Henrik Juul Pedersen

2017-Dec-22 12:31 UTC

head link

[Gluster-users] Gluster replicate 3 arbiter 1 in split brain. gluster cli seems unaware

Hi Karthik,

Thanks for the info. Maybe the documentation should be updated to
explain the different AFR versions, I know I was confused.

Also, when looking at the changelogs from my three bricks before fixing:

Brick 1:
trusted.afr.virt_images-client-1=0x000002280000000000000000
trusted.afr.virt_images-client-3=0x000000000000000000000000

Brick 2:
trusted.afr.virt_images-client-2=0x000003ef0000000000000000
trusted.afr.virt_images-client-3=0x000000000000000000000000

Brick 3 (arbiter):
trusted.afr.virt_images-client-1=0x000002280000000000000000

I would think that the changelog for client 1 should win by majority
vote? Or how does the self-healing process work?
I assumed this as the correct version, and reset client 2 on brick 2:
# setfattr -n trusted.afr.virt_images-client-2 -v
0x000000000000000000000000 fedora27.qcow2

I then did a directory listing, which might have started a heal, but
heal statistics show (i also did a full heal):
Starting time of crawl: Fri Dec 22 11:34:47 2017

Ending time of crawl: Fri Dec 22 11:34:47 2017

Type of crawl: INDEX
No. of entries healed: 0
No. of entries in split-brain: 0
No. of heal failed entries: 1

Starting time of crawl: Fri Dec 22 11:39:29 2017

Ending time of crawl: Fri Dec 22 11:39:29 2017

Type of crawl: FULL
No. of entries healed: 0
No. of entries in split-brain: 0
No. of heal failed entries: 1

I was immediately able to touch the file, so gluster was okay about
it, however heal info still showed the file for a while:
# gluster volume heal virt_images info
Brick virt3:/data/virt_images/brick
/fedora27.qcow2
Status: Connected
Number of entries: 1

Brick virt2:/data/virt_images/brick
/fedora27.qcow2
Status: Connected
Number of entries: 1

Brick printserver:/data/virt_images/brick
/fedora27.qcow2
Status: Connected
Number of entries: 1



Now heal info shows 0 entries, and the two data bricks have the same
md5sum, so it's back in sync.



I have a few questions after all of this:

1) How can a split brain happen in a replica 3 arbiter 1 setup with
both server- and client quorum enabled?
2) Why was it not able to self heal, when tro bricks seemed in sync
with their changelogs?
3) Why could I not see the file in heal info split-brain?
4) Why could I not fix this through the cli split-brain resolution tool?
5) Is it possible to force a sync in a volume?
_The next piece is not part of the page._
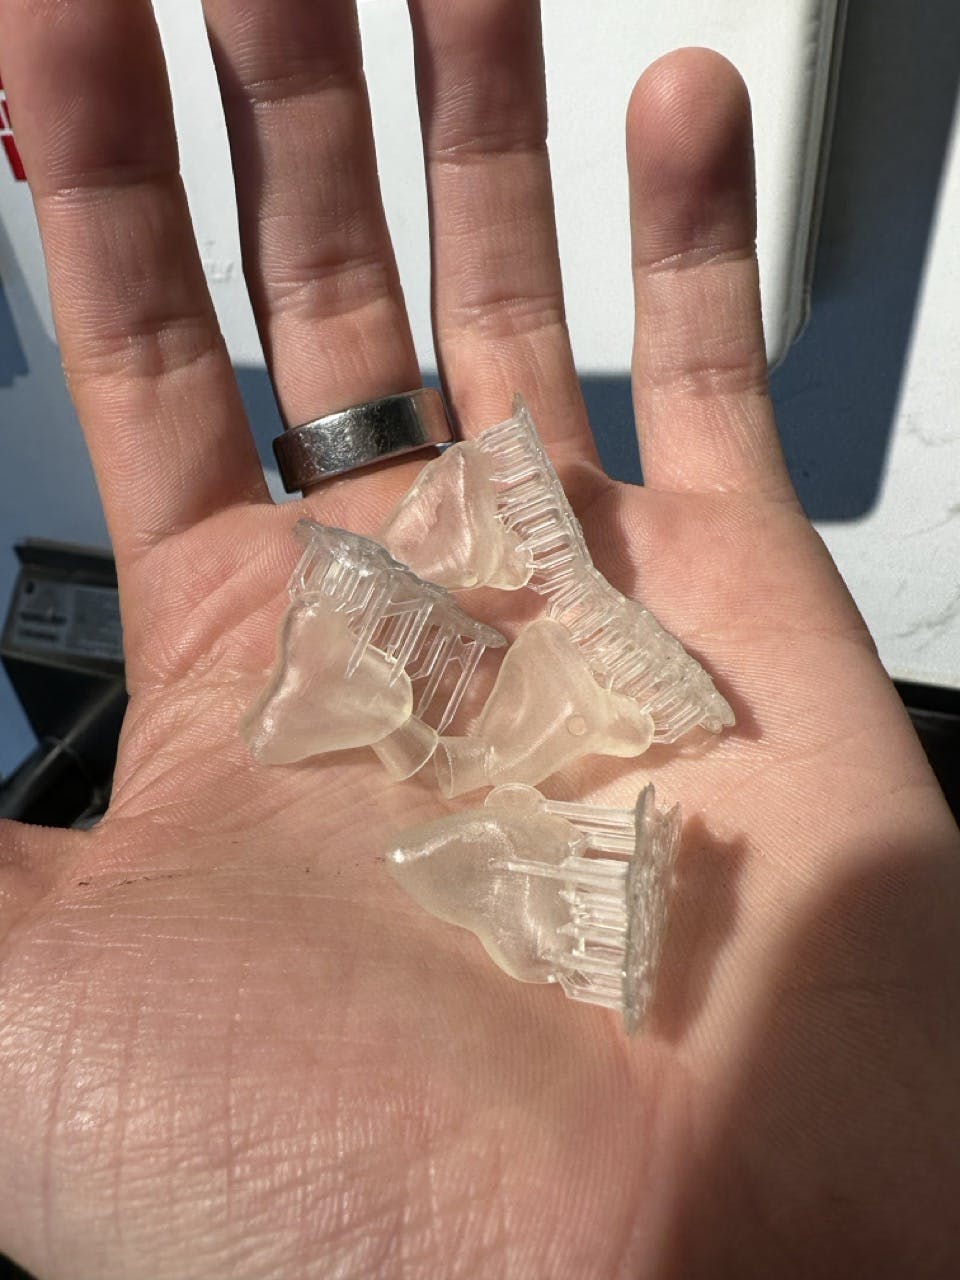 Ear plug mold shells in the palm of a hand

Or maybe test sync
status? It might be smart to be able to "flush" changes when taking a
brick down for maintenance.
6) How am I supposed to monitor events like this? I have a gluster
volume with ~500.000 files, I need to be able to guarantee data
integrity and availability to the users.
7) Is glusterfs "production ready"? Because I find it hard to monitor
and thus trust in these setups. Also performance with small / many
files seems horrible at best - but that's for another discussion.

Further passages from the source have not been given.